Croatia’s fearful people hold onto nurse as the virus strikes

by Marijan Opačak

Despite becoming a member of the European Union and NATO, Croatia is still a country in social, political and economic transition.

Unfortunately for the younger generation, the transition from a socialist regime to a free democratic society and a market economy is not over. Some, who are more pessimistic, would say that it has not yet begun. After the Homeland War in 1995, instead of continuing the transition, Croatia remained in a kind of limbo in which the Croatian Democratic Union (HDZ) and Social Democratic Party (SDP) alternated in power.

Nominally, the two parties are opposite political options, but both are imbued with economic socialism, statism and incredible nepotism. In addition to these two major parties, there were also satellite parties, which through pre-election or post-election coalition combinations manage to retain some seats in Parliament or become part of the government.

Not even the emergence of the populist “Living Wall” (Živi Zid), which promised citizens bank debt relief, protection of property from foreclosure and other enticing offers, or even the “Bridge of Independent Lists” (Most), which was twice a member of government, could shake the political oligarchy.

I must point out that the HDZ and the SDP, although nominally parties from the right and left of centre, are in fact both successors of the Communist Party of Croatia. Of course, the ideologies have changed, but the practice that the party rules the state and that power is controlled solely by the party is unchanged. This powerful legacy of communism is most evident in the pervasive corruption, the crony capitalism, extremely strong bureaucracy and the corrupt judiciary, all of which is heavily influenced by the decisions of politics and political leaders. The best description of the perpetual state in which Croatia is trapped can be exemplified by imagining an extreme Slavic-Balkan version of the “Yes minister” series.

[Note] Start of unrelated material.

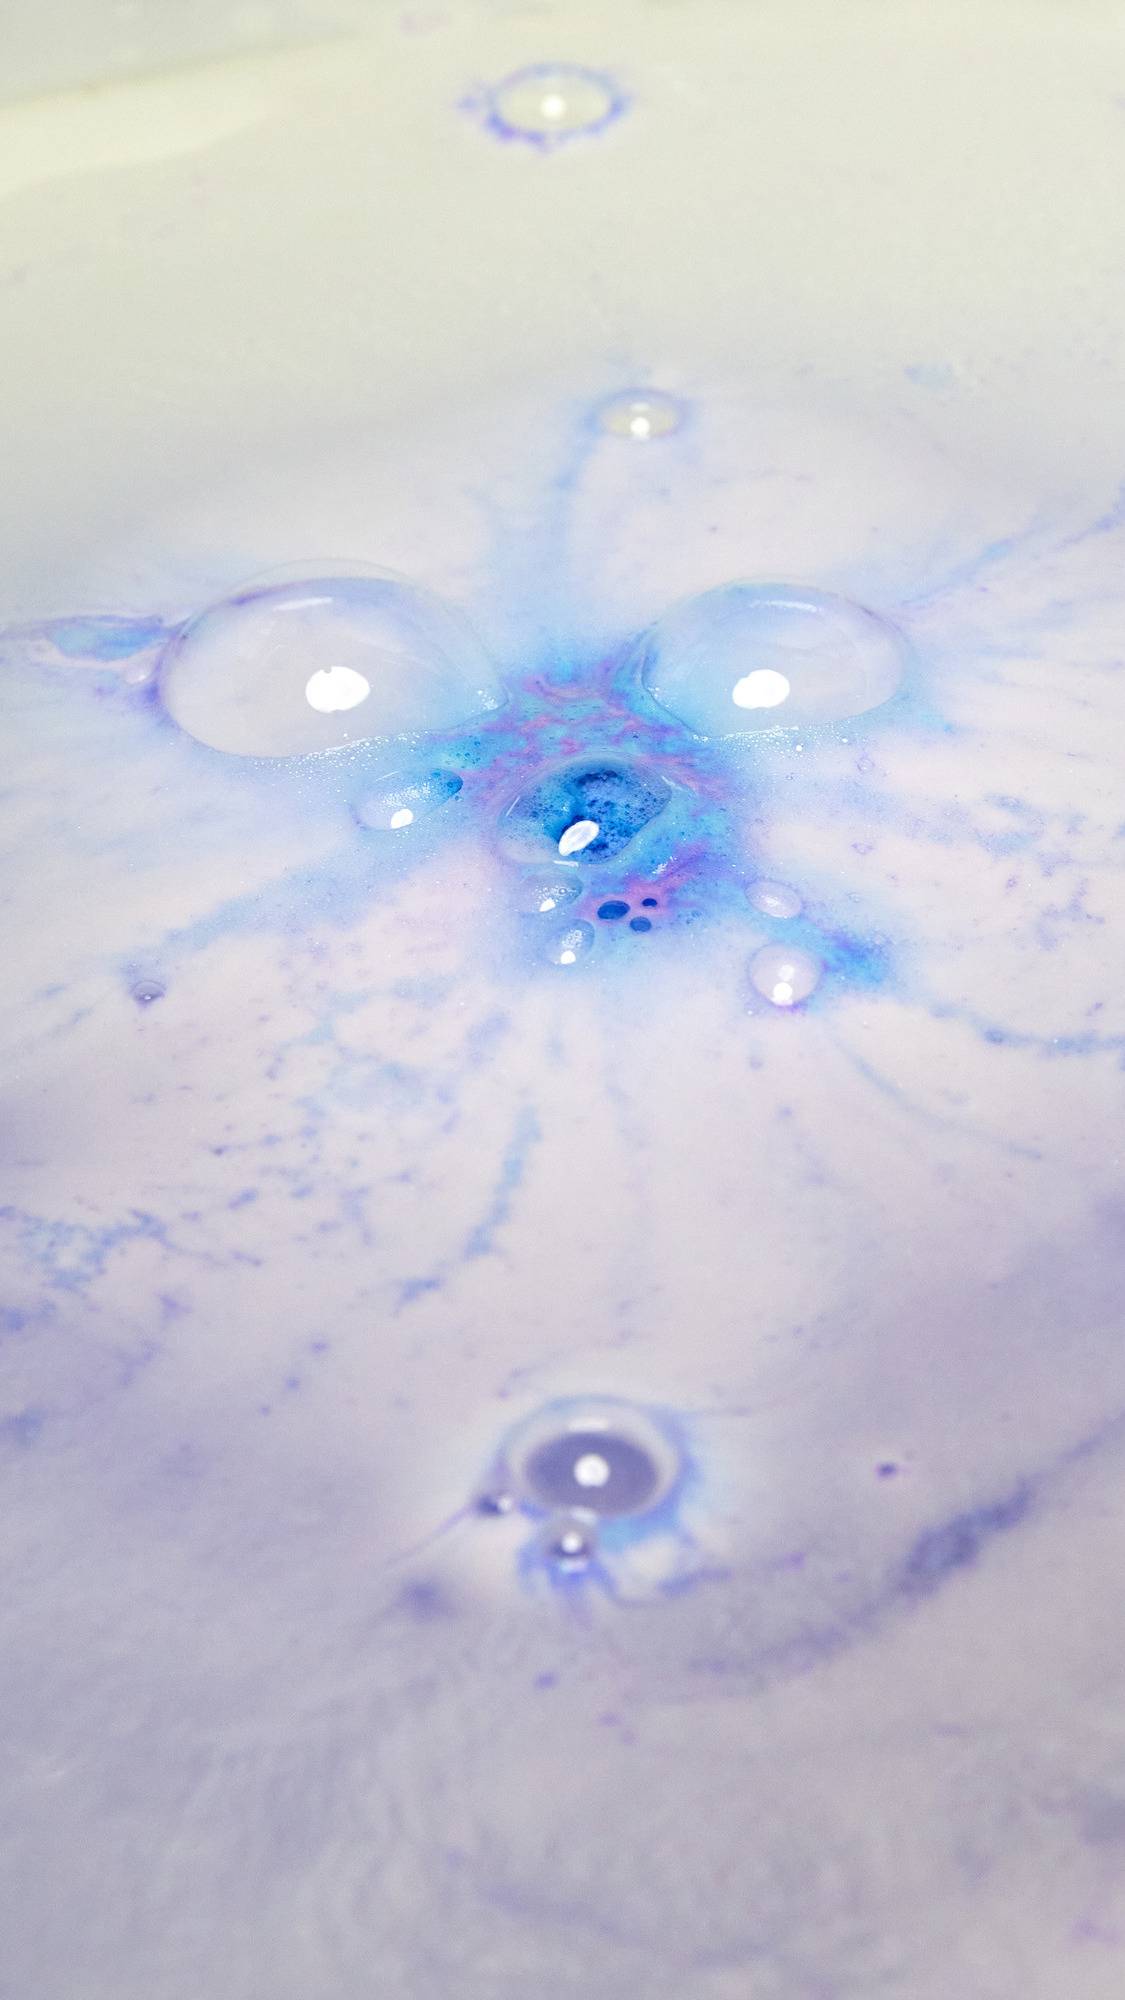 The Sleepy Bot bath bomb has completely dissolved in the water leaving behind silky, lavender-purple waters with a burst of deep purple foam in the centre.

However, something is moving in Croatia. Miroslav Škoro and his Homeland Movement has appeared on the political scene. Despite being best known as a patriotic singer, Škoro managed to garner nearly 25 per cent of the vote in the last presidential election which was at the turn of the year. Additionally, his recently founded movement has enjoyed a stable third place in public opinion polls. It was a response to years of neglecting parts of the electorate. They are not extreme right-wingers, but embrace patriotism, and want to save Croatia from the hands of an entrenched political oligarchy. They want to move Croatia to be politically, economically and geopolitically with the rest of the countries in the middle Europe, where it should have been when it freed itself from communist dictatorship.

But nothing has succeeded in shaking up a stagnant Croatian political swamp like the current Covid-19 crisis. The Croatian government was able to respond to the Covid-19 epidemic in a timely and relatively correct manner. The civil protection headquarters are run exclusively by expert people who, through successful epidemiological measures, despite the close proximity of Italy, Slovenia and Austria, have managed to prevent the exponential spread of the disease.

It is precisely when the package of economic measures to combat the recession was passed that the Government set an incredible precedent. Instead of listening to its officials, who advocated for expanded government spending and a strong public sector, the Government listened to entrepreneurs and small businesses.

But that didn’t happen immediately it was only after extremely strong public pressure particularly from “Voice of Entrepreneurs Initiative,” and their supporters, who had been the first to be exposed to the economic consequences of the health crisis. With the initial package of measures, they managed to adequately respond with its specific proposals, thus we were able to save a good part of the business entities from complete collapse.

This success has meant that the HDZ has grown in popularity and has once again become a leading party with almost 30 per cent in the polls. They are followed by the SDP with slightly less support, and the third is the Homeland Movement, which is on 11-14 per cent. Other parties, currently 24 in the Croatian Parliament, do not cross the electoral threshold. It seems that populism in such crises does not work for everyone.